The report - by the Marga Institute and the Consortium of
Humanitarian Agencies - contradicts earlier reports by the U.N. and
human rights groups which puts the blame for civilian deaths largely on
government forces.
Instead, it holds the Liberation Tigers of Tamil Eelam
(LTTE) primarily responsible due to its strategy of holding civilians
captive and using them as shields.
It said it was necessary to question whether the U.N.'s
surveillance of the actions of the LTTE was adequate and whether more
decisive action could have been taken to prevent civilians being used in
this manner.
The U.N. office in Colombo declined to comment on the report's findings.

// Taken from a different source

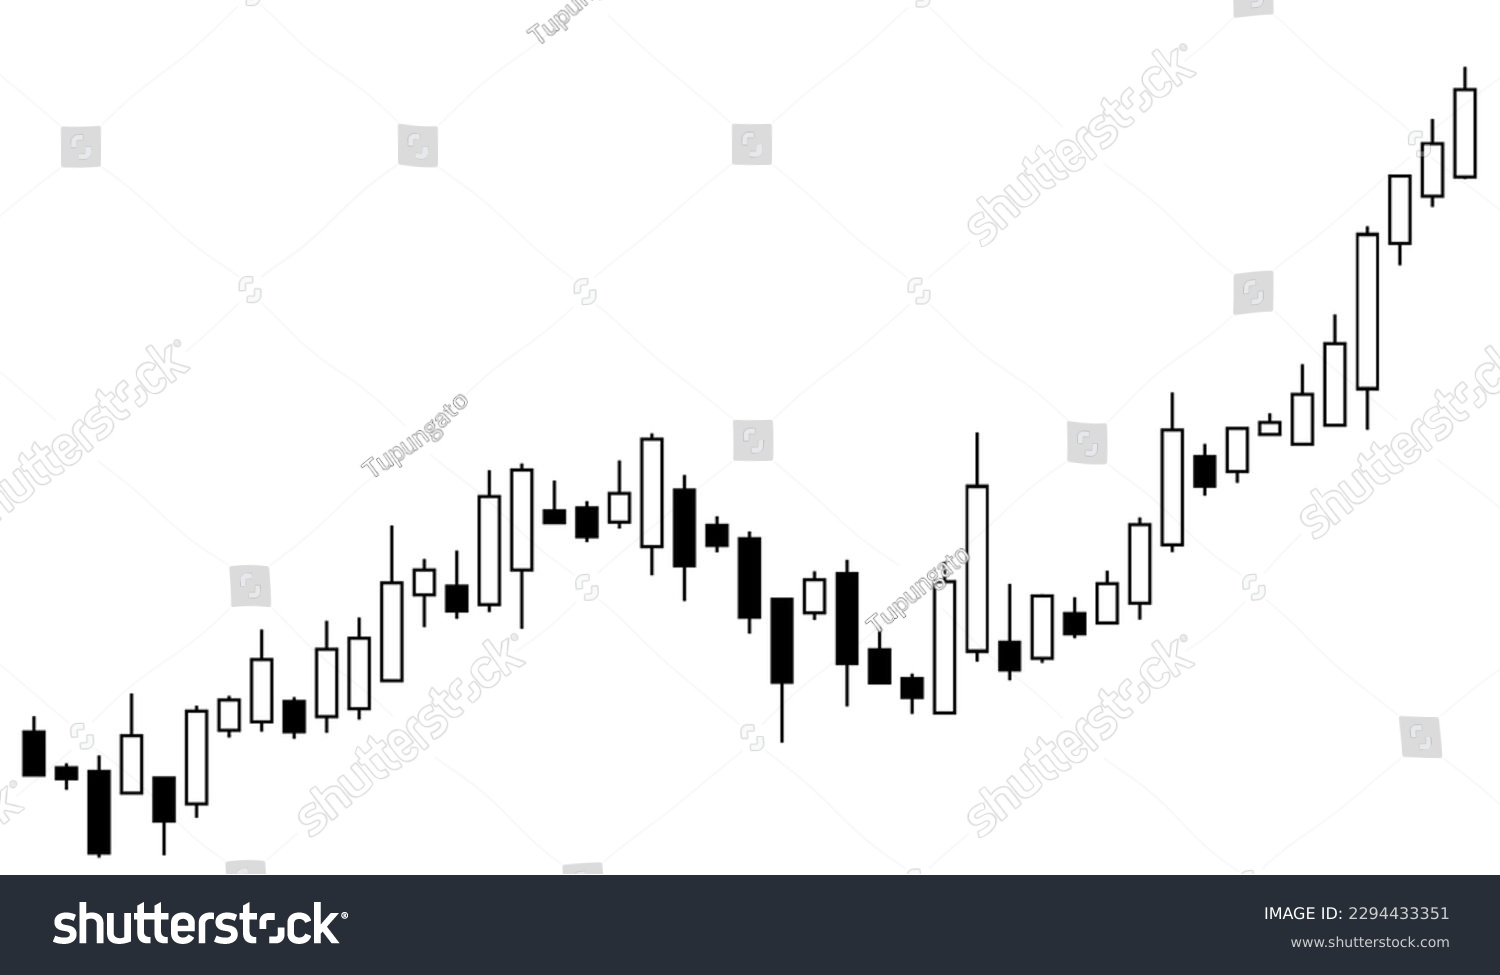 SVG of Stock market candle stick chart. Useful also for forex trading and crypto trade graphs. Uptrend - bullish trend with market going up. svg

U.N. LACKED RESPONSIBILITY
U.N. LACKED RESPONSIBILITY
The report questions various actions taken by the U.N. such
the almost immediate relocation of all its staff out of the war zone, saying
that even though the government advised the U.N. to leave due to safety
risks, the organisation should have negotiated to stay.
"In the context of both the lack of contestation of the
government's request and the absence of any negotiation for further time
to be provided, the report concludes that the U.N. failed in its
protection mandate by relocating," it states.
The report said the U.N. lacked a strategic approach to
minimising the death toll. It said the U.N. should have encouraged
civilians who were fleeing with the rebels to cross over to government
controlled area, adding that this would have avoided people being used
as human shields.
It attributed some of the failures to staff on the ground
which it said had little or no expertise in analysing military
operations in terms of their humanitarian risks or in protecting
civilians.
The report also said the U.N.'s complex bureaucracy and
decision-making processes prevented vital information from being
channelled to senior officials with expertise.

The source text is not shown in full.